On LessWrong, Bayesianism is probability theory. Moreover, it is bundled in with subjectivism about probability, determinism, many worlds theory etc. It all comes down .to whether the OP wants to become a rationalist, or a LessWrong rationalist, like deciding whether you want to be an economist or an Austrian school economist. If the former, some unlearning will be required.
I don’t think there a fixed concept of what a “LessWrong rationalist” happens to be. LW is fairly diverse.
There is a fixed concepts of LW rationalISM. There are also dissidents in the community.
I think GP means “people who mostly agree with a fairly ad hoc set of things EY believes.”
Given the limited amount of participation of EY on LW in the last years, I’m not even sure what EY believes today on a bunch of related questions.
There the CFAR research into practical rationality. Julia Galef wrote a post about how it changed her view of rationality. I’m not aware of public statements of EY that specify the extend to which he updated on those questions. To the extend that you presume that EY didn’t update, that behavior has little to do with “LW rationality” in any meaningful definition of the term.
At the same time there are shared traits that distinguish people in the LW community. After my first LW meetup I noticed that a fellow meetup attended had a skateboard with a handle to get around. We talk about it’s use and how he saves a lot of time because it’s faster than walking. Then I asked him about the safety aspect.
He sincerely answered: “That’s a valid concern, I don’t know the numbers. I should research the numbers.”
Outside of LW nobody responds that way. If an anthropologist would go and study the people at our meetups, behavior like that would raise to his attention much more than agreeing with a stereotypical set of beliefs from the sequences.

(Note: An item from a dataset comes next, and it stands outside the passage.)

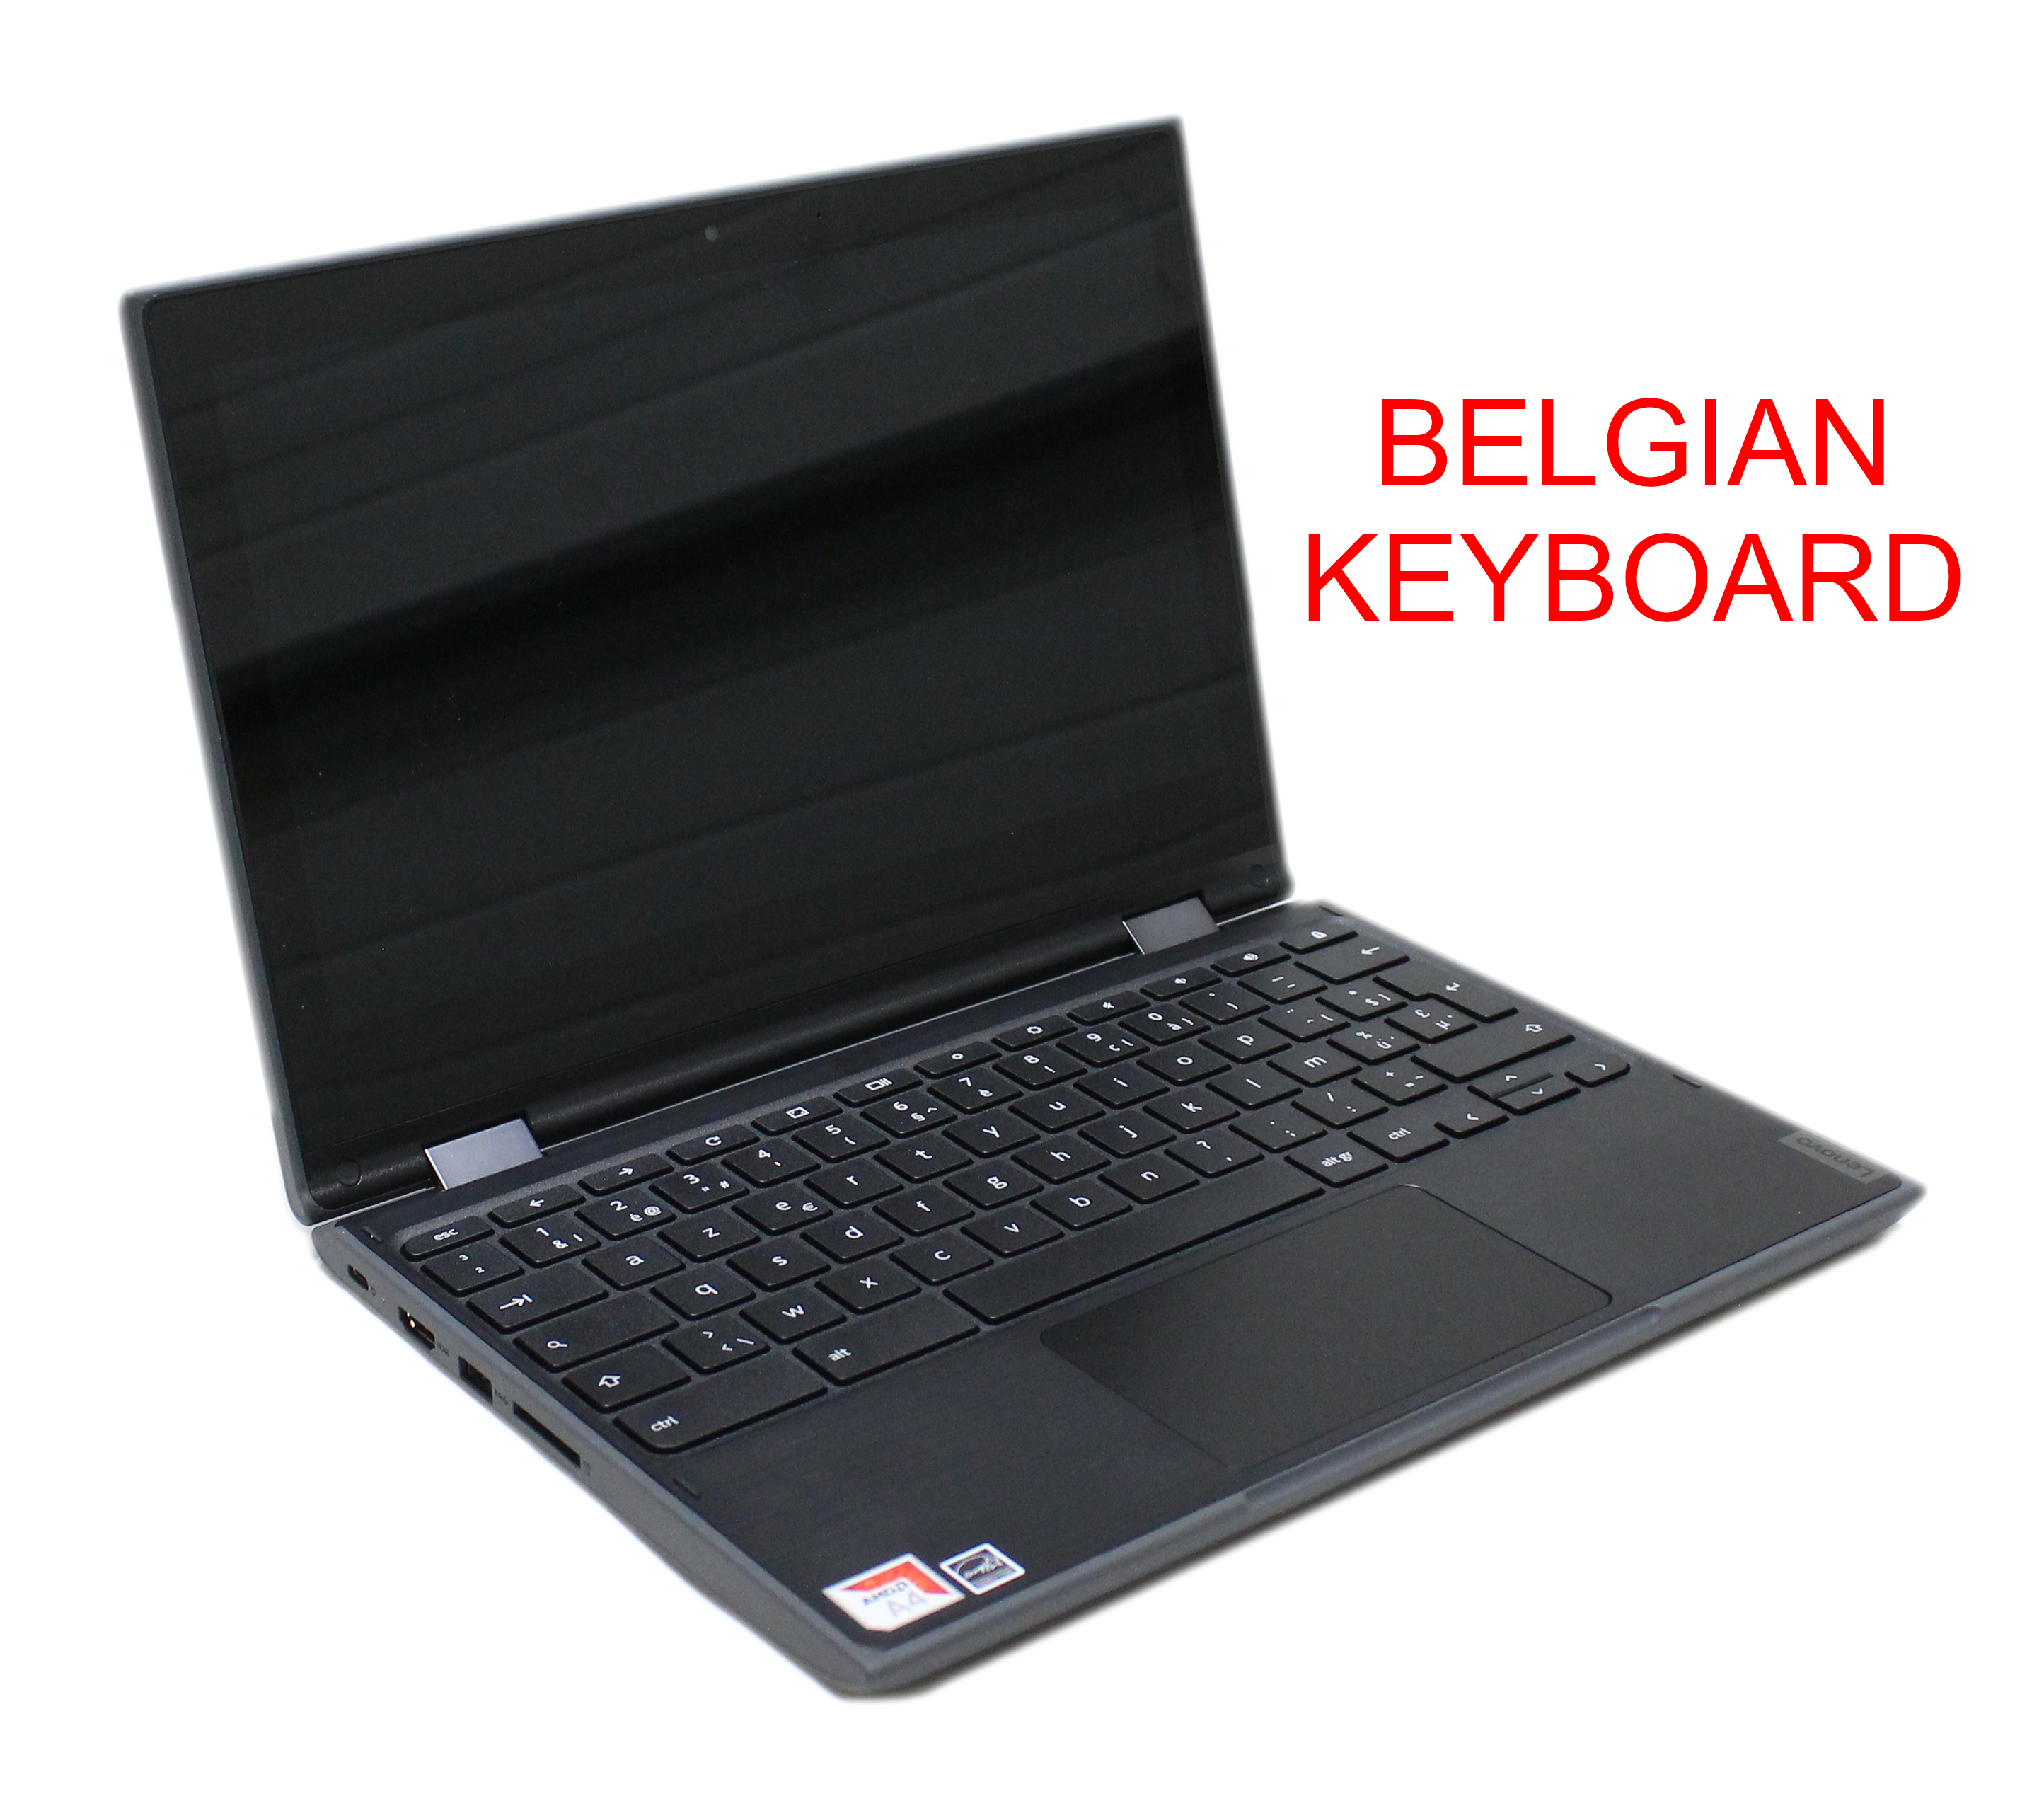 Lenovo 300e Chromebook G2 11.6" Belgian Keyboard RAM 4GB eMMC 32G 82CE0000US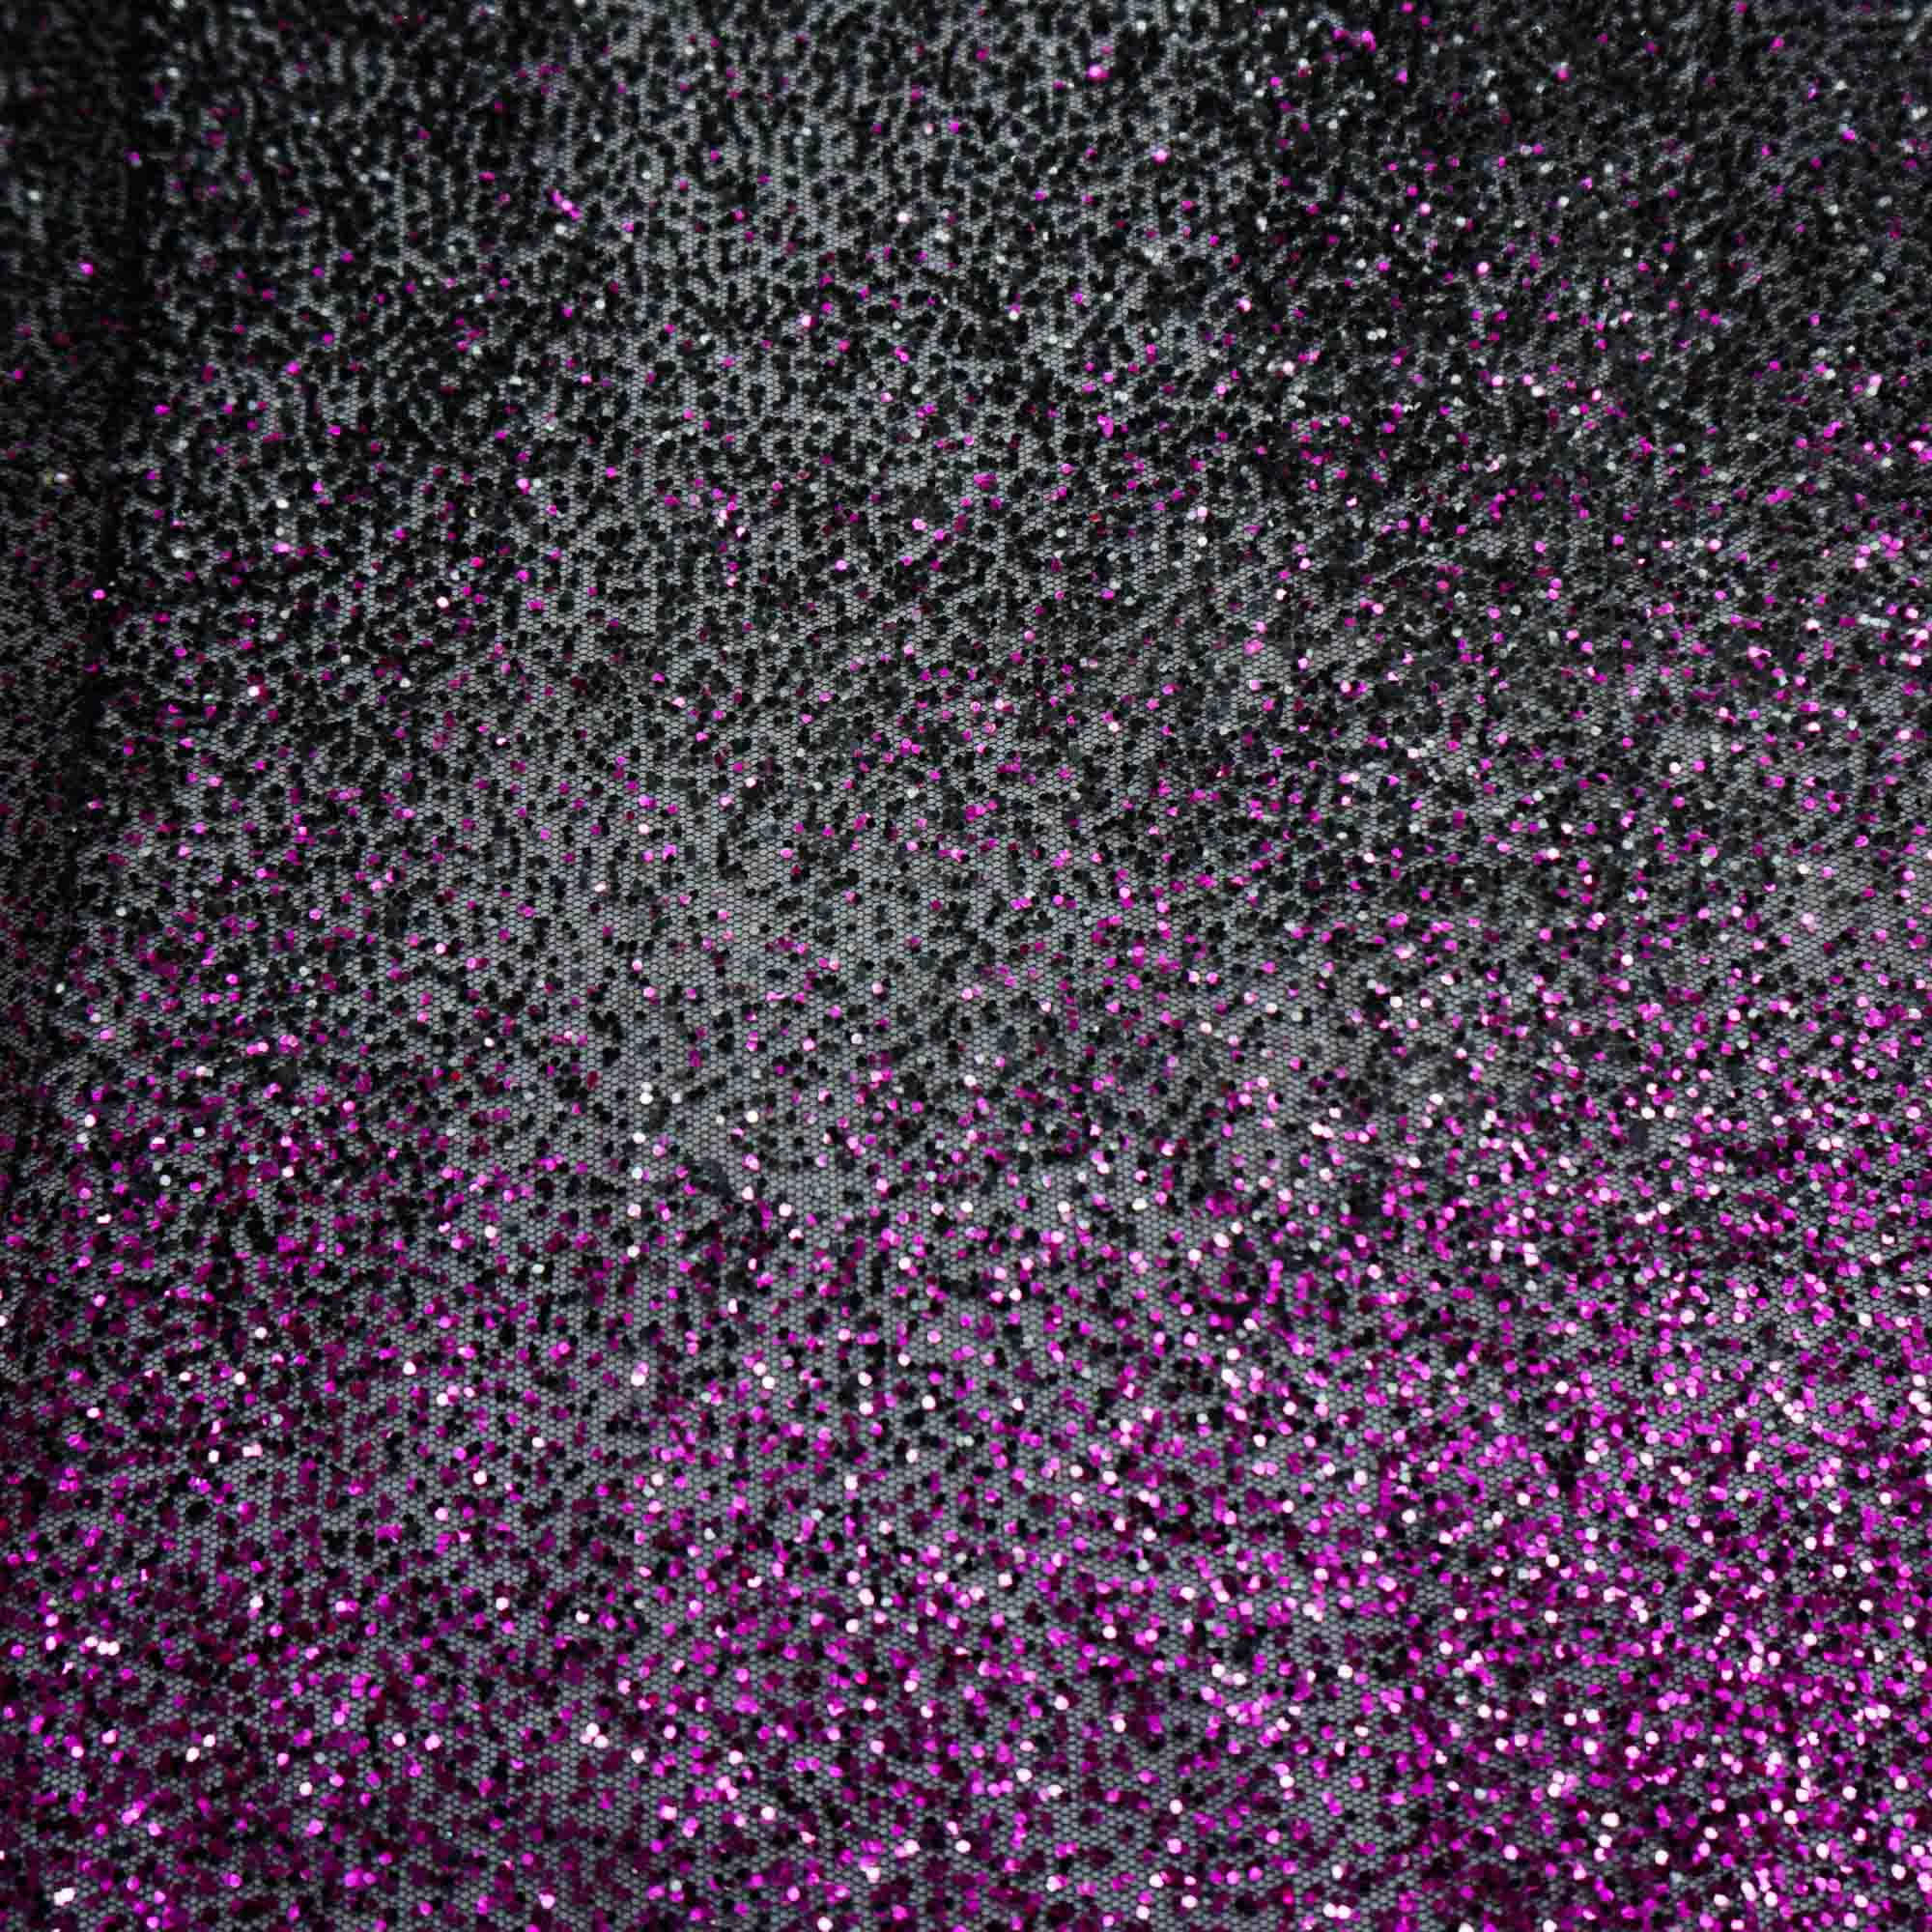 Tecido renda tule bordado com glitter cheio degradê preto/pink und 80cm x 150cm

The idea that the nature of an LW rationalists doesn’t get determined by behavior but by agreeing to some set of sequence claims, doesn’t really lead somewhere interesting.
I am not dissing the positive aspects of LW culture. After all, I am still here, aren’t I? I find much here quite valuable.
And anyways, this isn’t about what I think, I am giving my views of what GP means. Why are you perceiving this as an attack?
No.
If I remember right you however don’t see yourself as part of LW culture because you are contrarian on key claims. The same is likely true for TheAncientGeek. Being contrarian on things, however is quite essential LW behavior.
I’m not quite sure what you mean with that. Do you mean TheAncientGeek?